Pays en voie de développement, le Burkina Faso présente des indicateurs de développement très encourageants et en constante croissance. A l’exception de l’année 2020 marquée par la pandémie Covid-19, et lors de laquelle le taux de croissance du PIB n’a pas dépassé les 1% (0,8), l’année 2019 comptait un taux de croissance de 5,7%. Avec un marché dont la population excède les 20 millions d’habitants, le Burkina Faso se positionne comme l’un des marchés prometteurs de la sous-région de l’Afrique de l’Ouest, bien qu’il soit privé d’accès direct à l’océan. Ses bonnes relations avec les pays voisins (Côte d’Ivoire, Mali, Ghana, Niger et Togo) lui permettent d’accéder à différents ports via les voies routières dédiées et accessibles.

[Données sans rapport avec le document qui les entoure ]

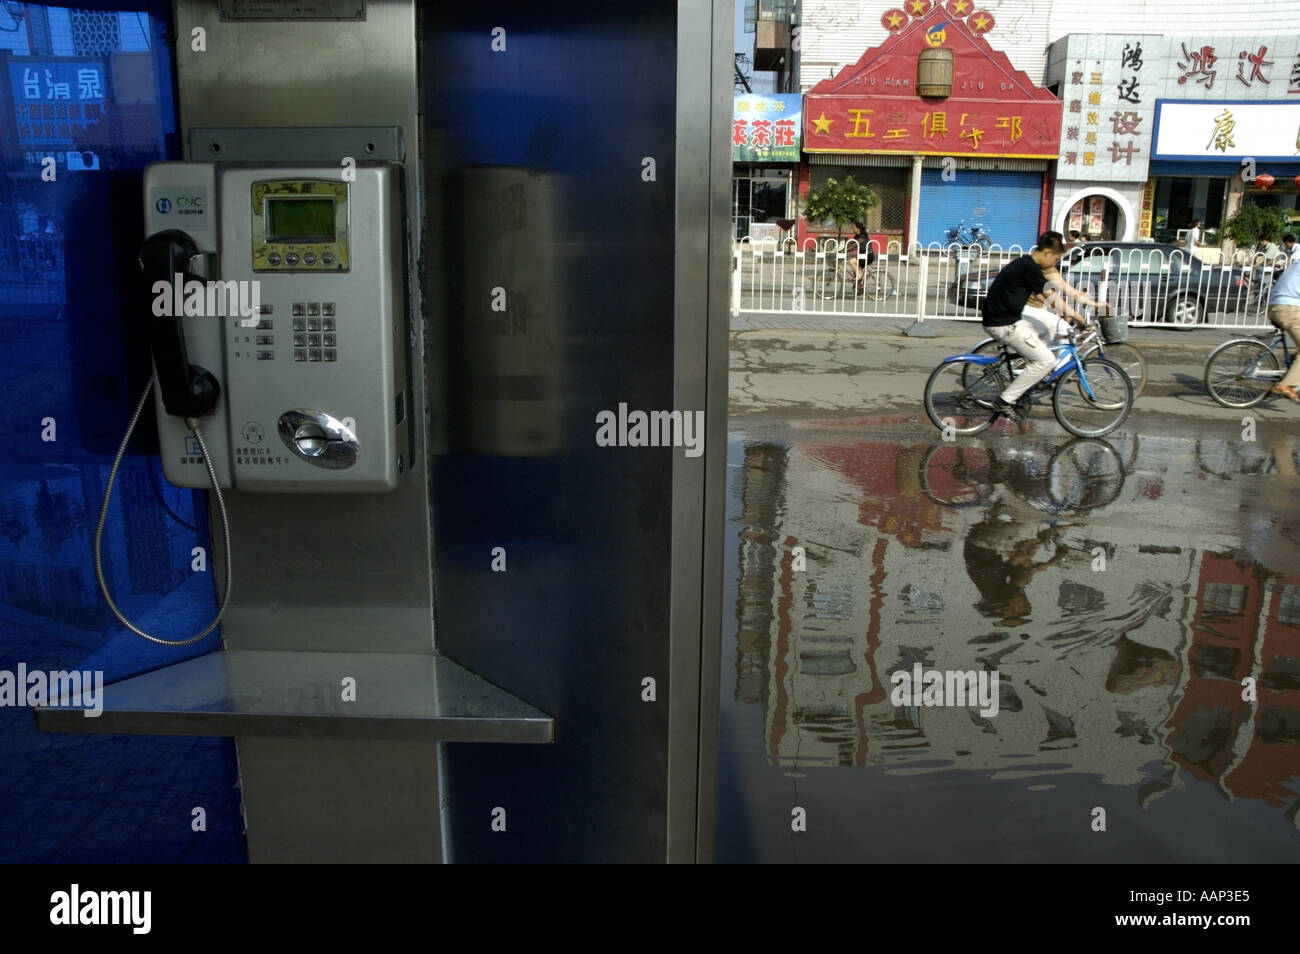 Public phone booth with people riding bicycles in the background, Datong, Shanxi, China. Stock Photo

Le Burkina Faso n’est que le 46e marché d’exportation du Maroc (0,2% des exportations marocaines), pourtant le pays présente des opportunités diverses d’exportations, selon Philippe Cordier. Les fertilisants arrivent en tête des exportations marocaines vers le Burkina Faso avec 45,8 millions de dollars, l’exportation d’équipements électroniques est estimée à 28,6 millions de dollars tandis que l’export des aliments (poissons, viandes, œufs etc.) est estimé à 29,4 millions de dollars. Pays importateur (5,2 milliards de dollars d’importation en 2019, contre 3,3 milliards d’exportations) le Burkina Faso demeure ouvert aux investisseurs dans les différents secteurs, mais surtout dans l’agriculture, avec notamment une volonté politique et institutionnelle affichée pour booster un secteur dont la population et jeune, dynamique entrepreneuse et réputée travailleuse. Le secteur bénéficie d’un cadre législatif et réglementaire propice et incitatif à l’investissement avec une politique agricole centrée sur l’approche filière et de promotion de l’agro-business.

Avec un potentiel en terres irrigables de 233.500 hectares, dont 26.758 hectares aménagés, le pays mise sur l’agriculture comme levier de croissance de son économie, surtout que son potentiel en terres cultivables est de 9 millions d’hectares dont seulement le tiers est exploité.

Le secteur de l’énergie présente également diverses opportunités avec une forte demande en hydrocarbures. Une nouvelle loi a également vu le jour pour faciliter les investissements privés dans l’énergie. Ces investisseurs sont attendus pour la production et l’assemblage de modules photovoltaïques et d’équipements solaires, la construction de centrales solaires, la construction et exploitations des barrages hydroélectriques, l’électrification en milieu rural et la production de biocarburants. Des domaines où le Maroc peut être d’un grand apport grâce à son expérience dans ce secteur, et son engagement écologique avec les énergies renouvelables. 

Le pays s’ouvre aussi aux investisseurs actifs dans le secteur des mines et carrières avec là aussi une volonté politique de booster la croissance de ce secteur qui représente 69,6% des exportations du pays (2019). Pour ce fait, le Burkina Faso met en évidence sa diversité géologique et sous-sol riche en métaux tels que l’or, le zinc, le manganèse, le plomb, l’argent, le cuivre mais aussi le cobalt.